Speaking of devices, I keep seeing how there is proof to back up the habits of radio. And I realize I might be crucified by some here for questioning this, but if there are 4 million people in the valley, and 1300 PPM devices (was told from a source), that means every person with a device reps 3000 people? So that should give you an idea of how fictitious the data is.
That is actually a fairly good sample. If you look at the political polls, you will see smaller samples for the entire country, and those polls are usually within a couple of percent of actual voting. In radio, a couple of percent overall is insignificant to advertisers who use ratings to determine pricing.
If the sample faithfully represents all the stratification variables (that means all the subsets of the population like age groups, gender, ethnicity, income, education, etc.) then at the size of the Phoenix sample it should faithfully, and within a narrow margin of error, represent the audience of the major stations.
Of those 1300 people with devices, there may be only a few of those that know of a smaller station.
Correct. A station with a very niche format or limited coverage will have a very small audience. Whether the station gets a 0.0 or a 0.3 it won't get bought by ad agencies and major clients. The purpose of ratings is to provide a pricing metric for large advertisers; small stations near the cut-off level don't get buys from that kind of client and generally don't buy the ratings.

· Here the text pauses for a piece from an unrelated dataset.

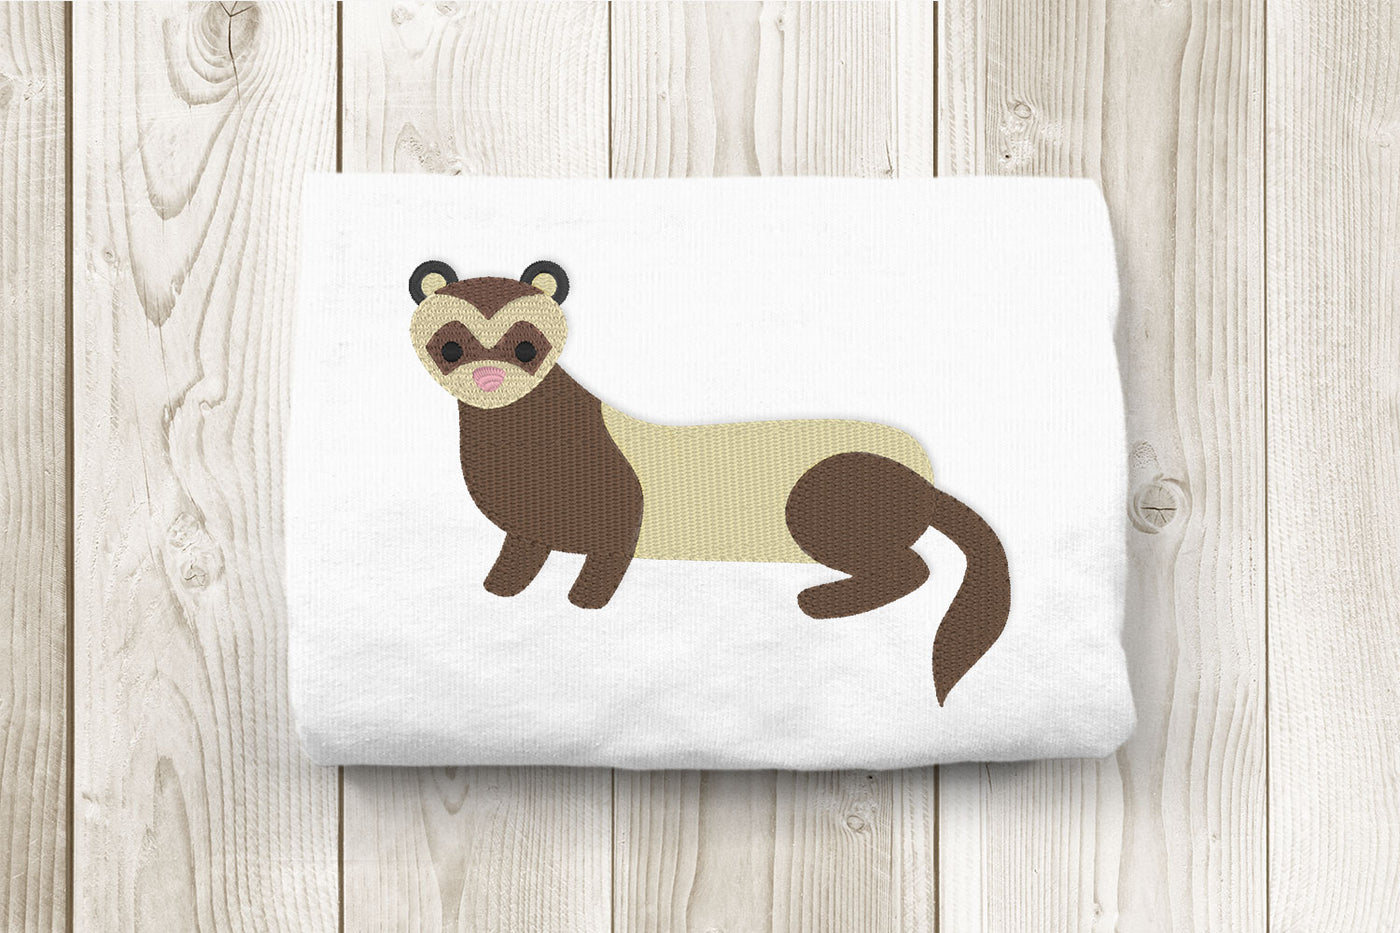 Ferret Embroidery File – Designed by Geeks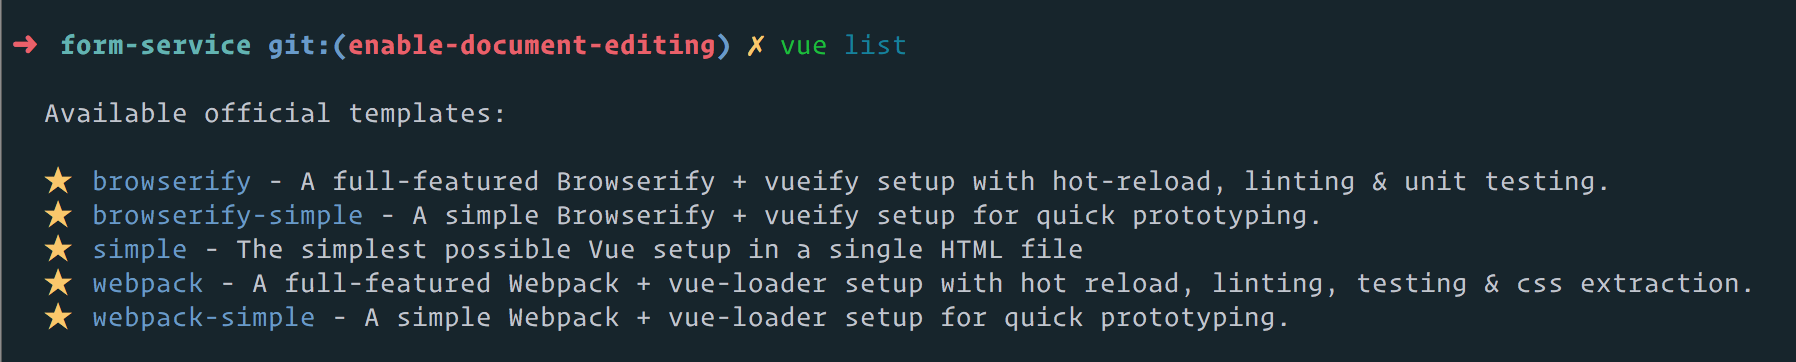 List of official vue-cli application templates

But that wouldn't mean they have crap ratings just because that small group didn't favor it.
It does not matter if there are 1,300 or 13,000 in the sample. A station that does not reach even a tenth of a percent of listeners is not going to get ad buys.
Also, when the device holders are in the office, or the bus, dentist, whatever...they are forced to reflect what they wouldn't normally choose.
That does not matter. Advertisers want to know how many people hear their ads, not who chose the station. Again, ratings are bought to give advertisers a metric.
That obviously explains why stations like KEZ or Mix always win. Does not mean they have the best content, it just happens to be the safe choice of bosses.
Keep in mind that 50% of a station's listeners (cume) represent upwards of 90% of the time spent listening to a station. So all those people whose meters "hear" a station for a few minutes in a week won't contribute very much, if anything, to the listening level of a station.
And if people hear particular stations at work, they hear the ads. That is what advertisers want to know.
Do keep in mind that most "at work" listening is not in white-collar offices. It's in the delivery truck, on the loading dock, in the factory or auto repair shop... as likely to be a hip hop or country station as Mix.